Improving distribution of income

Promoting egalitarian economic growth
Promoting income equality
Income distribution is extremely important for development since it influences the cohesion of society, determines the extent of poverty for any given average per capita income, and the poverty-reducing effects of growth, and even affects people's health. Accumulating evidence shows that more equal income distribution leads to higher economic growth.
Coordinated regional action, and better international action would help promote equality without weakening the ability to compete. For example regional coordination of domestic tax and benefits would permit improved distribution without undermining competitiveness, as would regional coordination of minimum wages at an appropriate level. At an international level, coordinated taxation of international capital flows and support for universal human rights to minimal standards of living would also contribute to improving income distribution. A global economic environment will require a global social response.
Professor Frances Stewart (Oxford University) suggests six strategies for achieving more egalitarian growth: (i) agrarian-focused strategies and those aimed at increasing productivity in the rural sector; (ii) employment-intensive strategies; (iii) higher levels of and widespread education; (iv) asset redistribution, (e.g. land reform); (v) government policies towards structuring the market, to favour the less well-off; (vi) raising the rates of taxation and public expenditure to improve after-tax distribution.

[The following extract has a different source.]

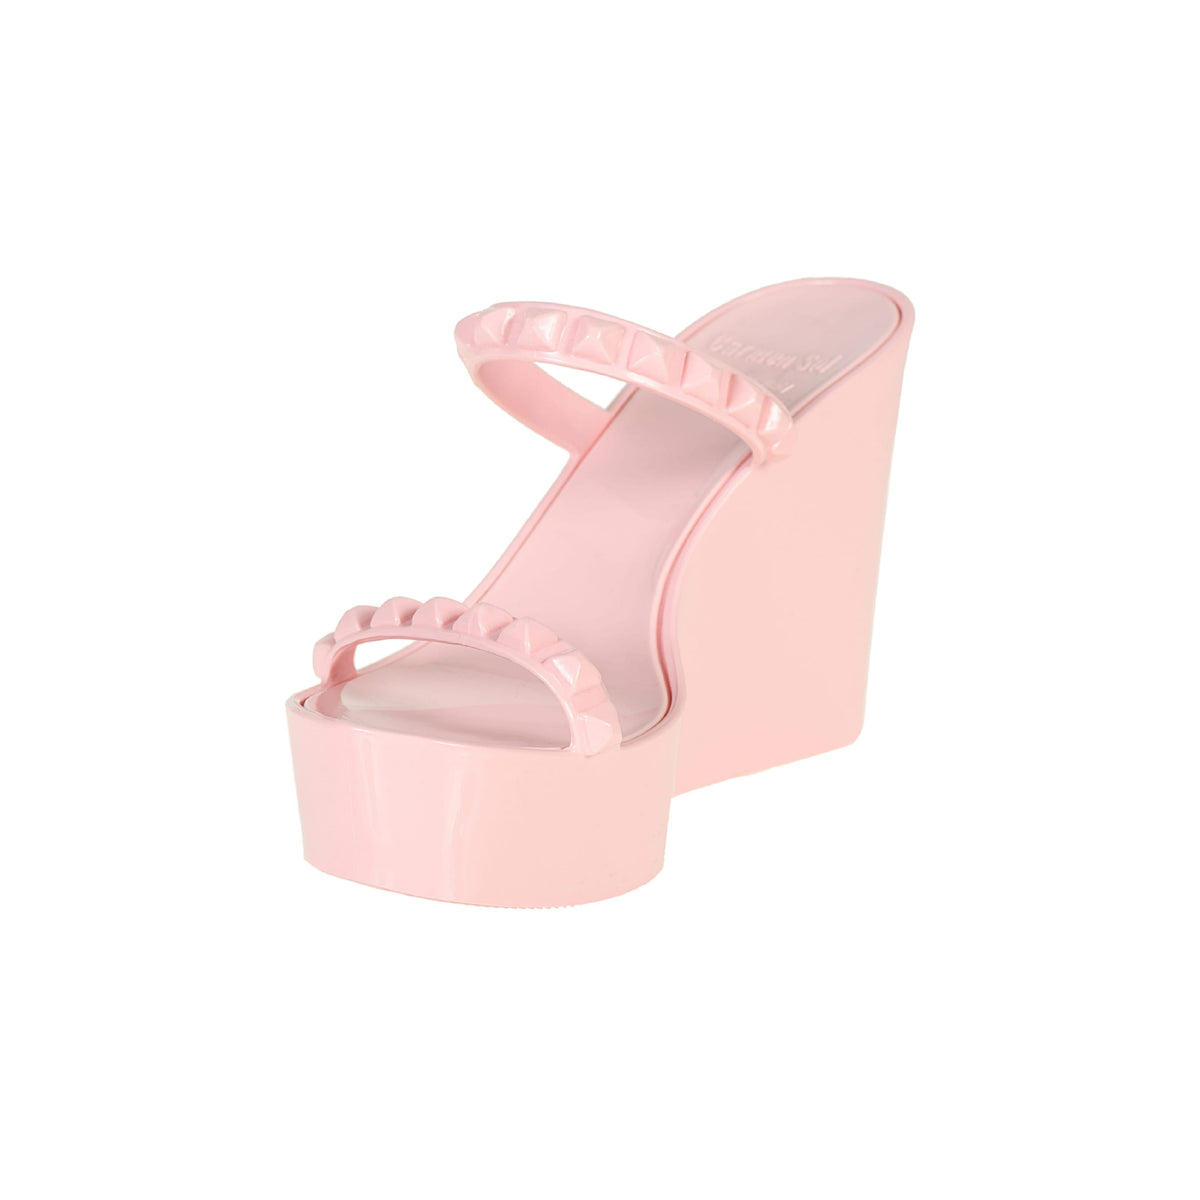 Baby pink jelly shoes 80s from Carmen Sol perfect for the pool party

In the national context, the State must endeavour to create the preconditions for ensuring a more egalitarian economic development. Two strategic approaches are paramount: the proactive approach to preempt exclusion would seek to develop mechanisms and policies to ensure that the benefits of development would be widely shared. This requires the integration of social policy into the strategy of economic development. The second approach can be characterized as reactive. This would curb the adverse effects of exclusion and provide social safety nets. The time has come to evolve a new consensus on development, which should be concerned as much with equity as with efficiency, and as much with social progress as with economic growth. The focus must shift from economies to people, and from means to ends.

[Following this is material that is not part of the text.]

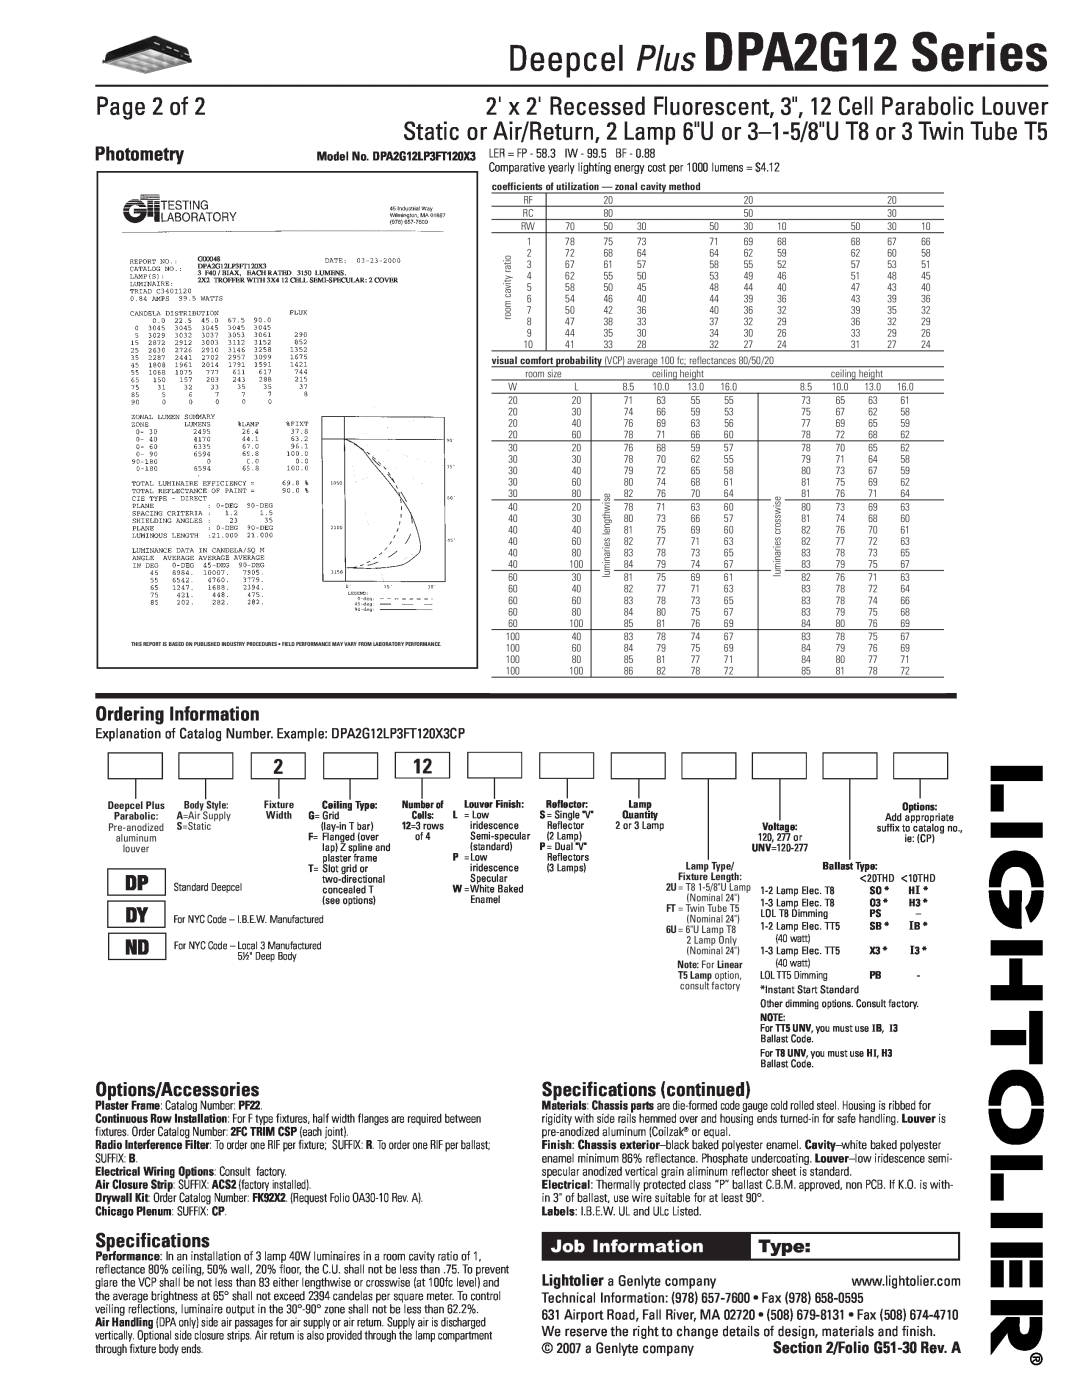 Lightolier DPA2G12 Series Page 2 of, Photometry, Ordering Information, Options/Accessories, Specifications, Dp Dy Nd

1. While strategies to promote more egalitarian growth seemed both feasible and desirable, in the 1980s and 1990s there has been a strong tendency for income distribution to worsen in both developed and developing countries. A variety of explanations for this have been advanced including trade liberalization, technology change, and the impact of liberalization and globalization more generally.

3. High income inequality translates into growth-impeding factors as it leads to political instability, uncertainty and, therefore, to less investment and slower growth.